# Yankee Moving to Milan



## ThomasCrown (Jun 18, 2012)

Hi everybody! 

I am German/American moving to Milan, Italy next month.

I picked Milan because I adore Italy, Italians, the Italian culture and, of course, i love Italian food, fashion and music. Milan in particular because i am still working on my Italian and i thought i might get away with communicating in English for as long as my Italian isn't up to par. 

With all this enthusiasm on my end, I was surprised to learn that Milan and Italy in general got some mixed reviews from two of my Italian friends. Any fellow Americans out there who are willing to offer their take on this?

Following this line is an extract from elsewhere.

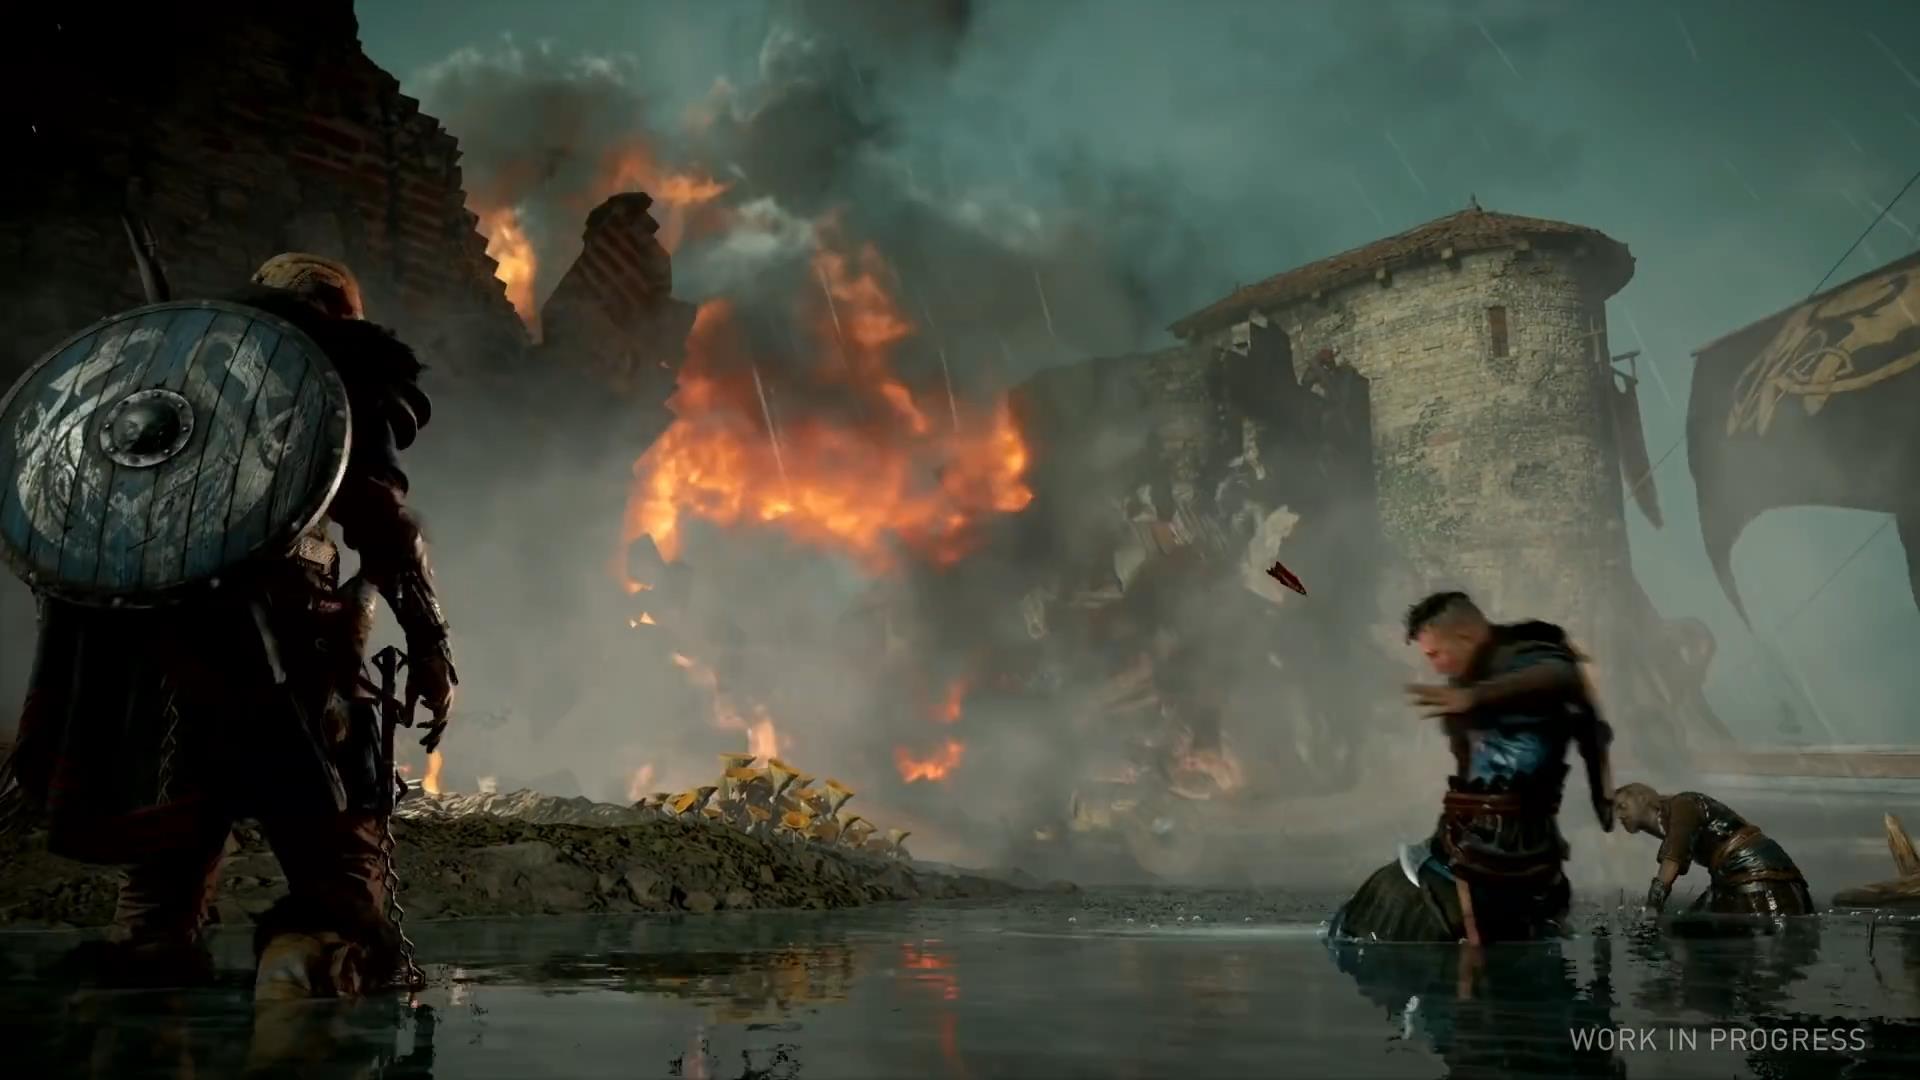 《刺客信条:英灵殿》PC试玩视频 画面美丽效果出众

As of now i have managed to secure an apartment for two or three months to give me some time to explore the city. What would generally be a good area to look for a permanent a place in Milan or close to Milan?I have a big dog and i love to drive although gas prices in Italy will definitely put a damper on that, I am sure.

I know that this a very broad based request for information, so, please be lenient with me. I am just trying to get as much information on Milan and life in Italy and possibly see if there are any more Yanks out there in a similar position.

Many thanks


----------



## Minstrelboy (Dec 9, 2012)

Hi Thomas
I am from Milan - I think I really would need to know something more before being of any help. For instance, do you have a job already? If yes, where would the workplace be? If you are looking for a house with a garden for your dog, could be not easy to find in Milan but perhaps you could move well outside and then use the metro to reach the town...


----------